New opportunities exist, such as under health care reform. So having that
ongoing relationship to understand opportunities to improve care will be -- is
really important, especially in the coming years.
[David Nolley]
Okay. Well Jim, if I may, I want to target you with this one because they both
touched on something that maybe you can expand on. Now that our viewers know
this data is available, what advice would you give them about accessing and
using the data?
[Jim Crouch]
Well, the simplest thing would be to get on their Web browser and search out
"California Rural Indian Health Board." Our Web address is www.crihb.org, and
you can find under the research tab a whole series of publications that we've
put together at the direction of the CMS TTAG.
[Carol Korenbrot]
On the slide, it shows that you have to go into the "Policy In Action" part,
which is how we view data -- not to just collect data and archive it, but to put
policy into action, and you'll find the "Research" tab under that, and national
documents under that particular part as well.
[David Nolley]
Well, this question again is for the group. What's the future of the project? Do
you see any further developments on the horizon?
[Jim Crouch]
Oh, we're doing some really exciting work right now, and it particularly
pertains to how the mix of resources -- CMS and IHS resources differ by IHS
area. You might think that the Indian Health Service has a uniform sort of
resource allocation process, but actually it's an alluvial thing that's grown up
over time, and so that when the Medicaid program became available for billing in
'76, the IHS really never took advantage of it, and over time they've learned to
coordinate better with it.
So we're doing some research on how much reimbursement is coming in per IHS
client through all their providers, not just the IHS provider site, and we hope
that it will help inform the IHS and their allocation of the Indian Health Care
Improvement Fund monies -- that's a special pot of funds that Congress set aside
to improve funding equity. The IHS is not a defined benefit system. It's sort of
like discretionary. What happens depends on funding availability, the local
leadership of the tribe or the IHS system. It's a real mix, and this next
research we're going to do is, I think, going to be very informative to how the
agency can affirmatively make sure that there's equal access across all of
Indian country.
[David Nolley]
Okay.

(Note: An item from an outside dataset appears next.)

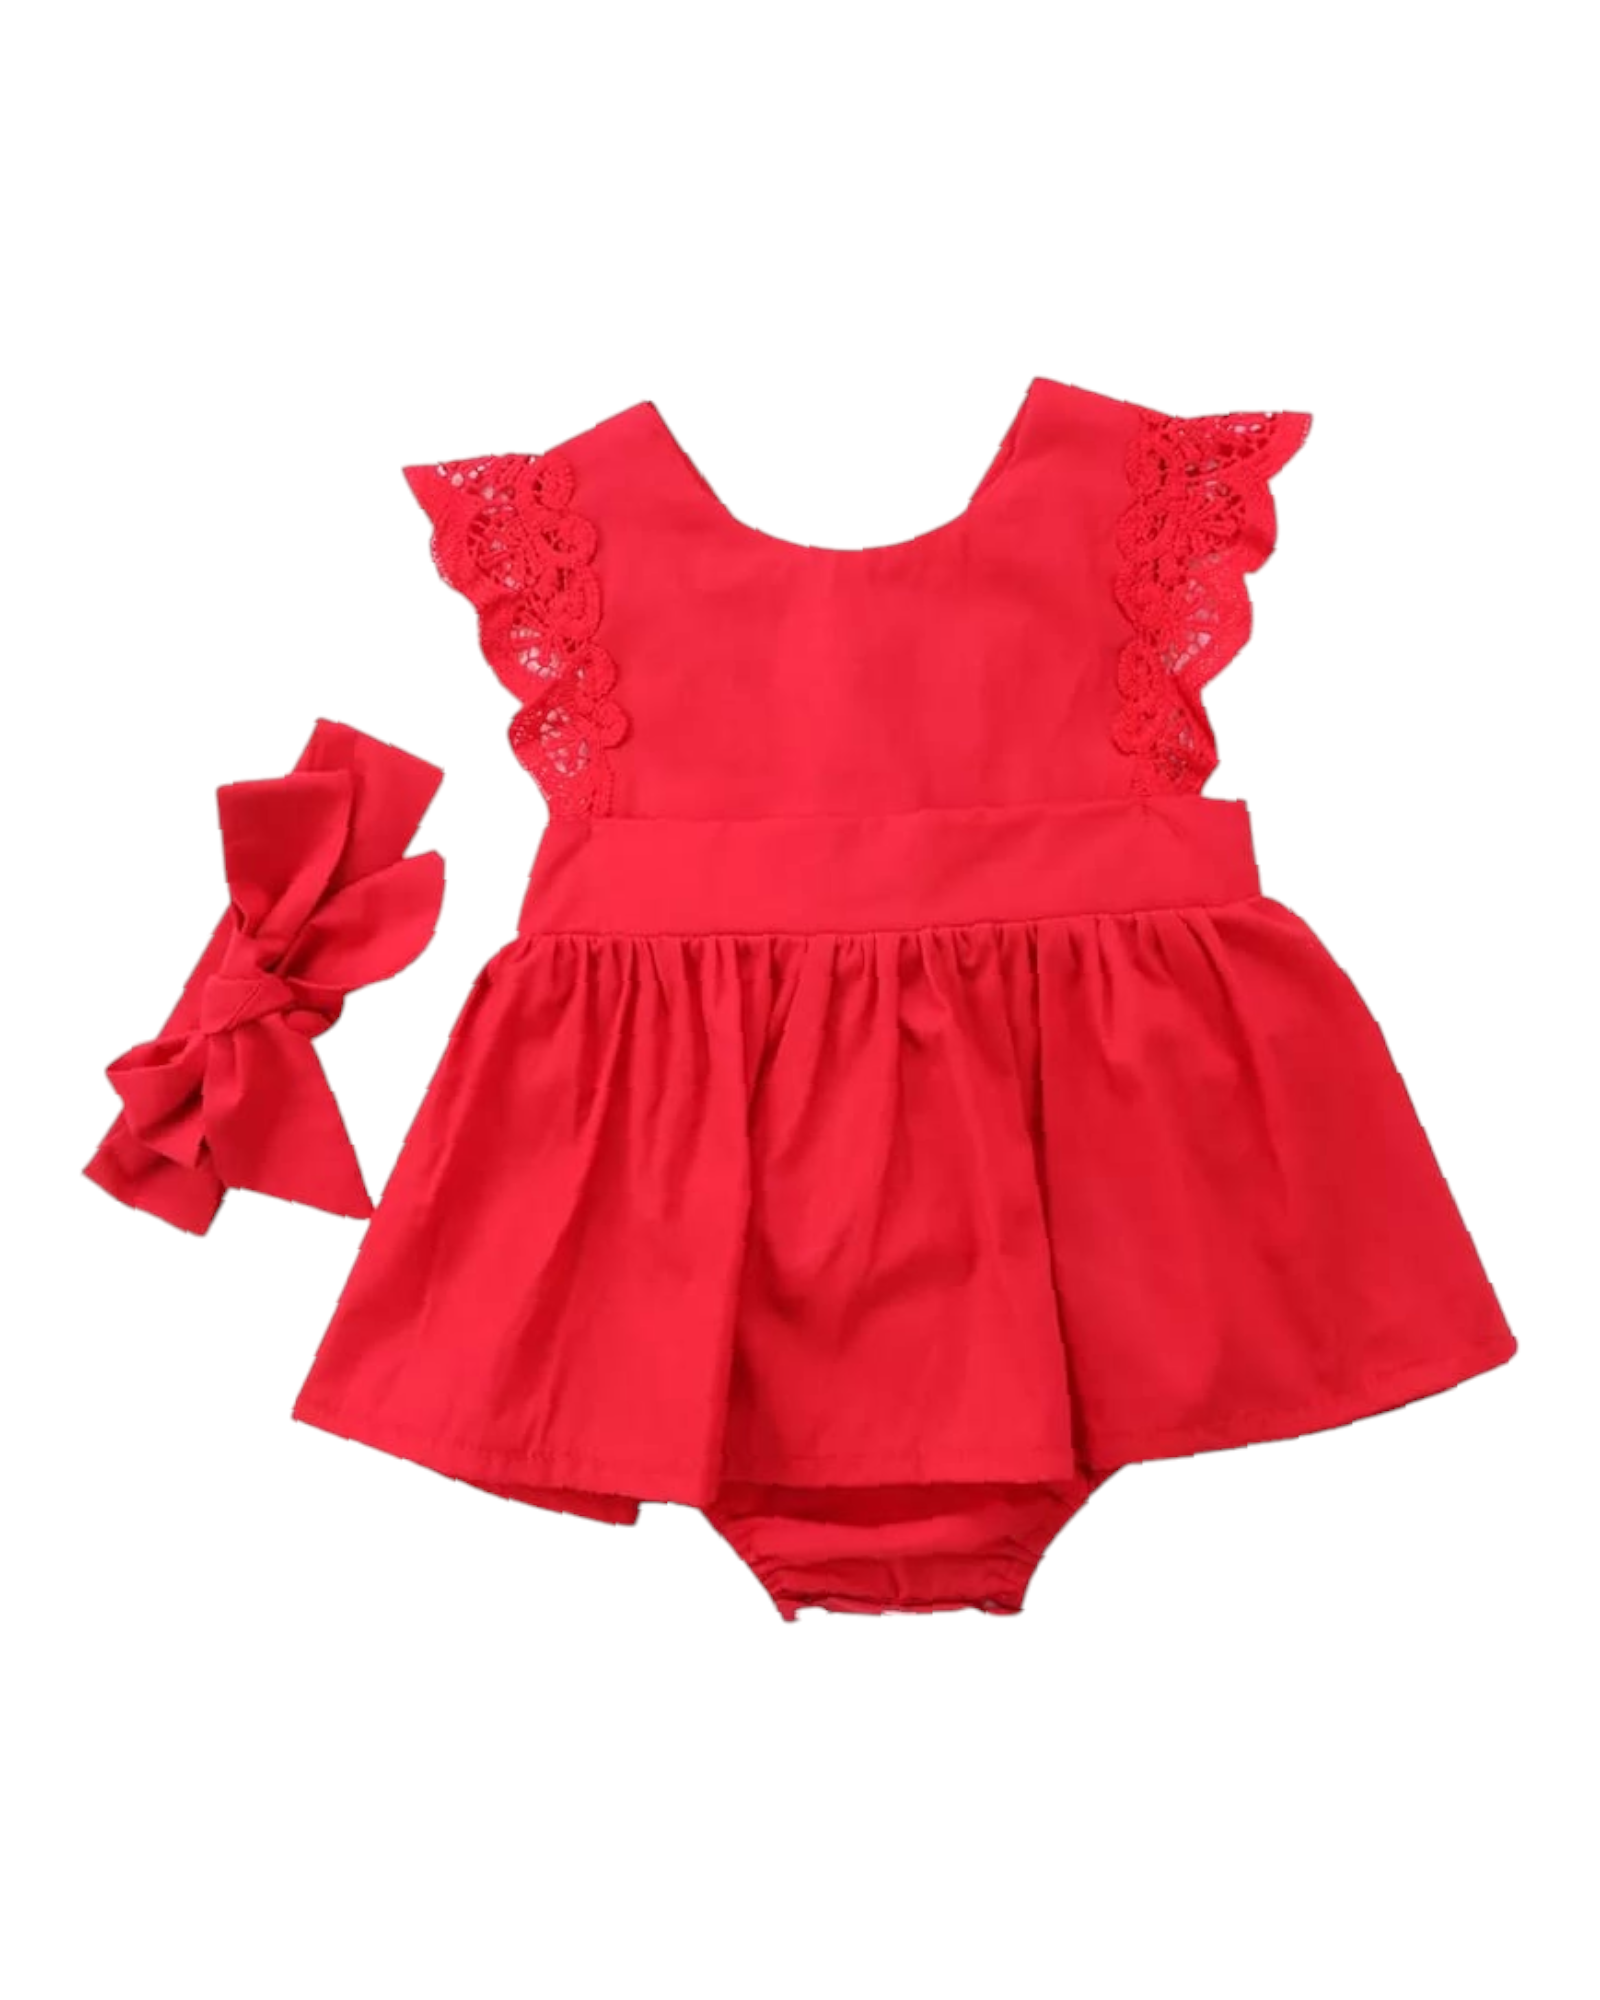 Body vestido rojo con balaca para bebés

And where can our audience find more information about this project?
[Jim Crouch]
Well, I think the IHS Web page is a good place go under "Non-Medical Programs."
They have a whole section on the Indian Health Care Improvement Fund, and of
course as our work gets done we'll be reporting out to the Centers for Medicare
& Medicaid Services Tribal Advisory Group, and the TTAG. So attending those
meetings is another good way to stay informed of how this research is evolving
over time.
[David Nolley]
Thanks Jim. I'd like to thank all of our panelists for their contribution to
this discussion and for joining us today. Kitty?
[Kitty Marx]
We've covered a lot of information today. I'd like to thank Jim Crouch, Carol
Korenbrot, and Joan O'Connell for sharing their insight on the impact of
Medicare and Medicaid data on Indian Country. We're at the end of our Medicine
Dish show, and I want to thank you for your participation in our broadcast. Our
next broadcast will be on the third Wednesday of June. That's June 15th, at 1:30
p.m. Eastern Time. You can access previous Medicine Dish programs at a new
location on the NIH Website, videocast.nih.gov. Go to "Past Events." Select
"Trainings and Meetings," and then select "CMS Centers for Medicare and Medicaid
Services," or find us on YouTube under Medicine Dish.
Thank you, and I hope you enjoyed and benefited from today's Medicine Dish show.
I'm Kitty Marx, host of Medicine Dish, wishing you a very productive day.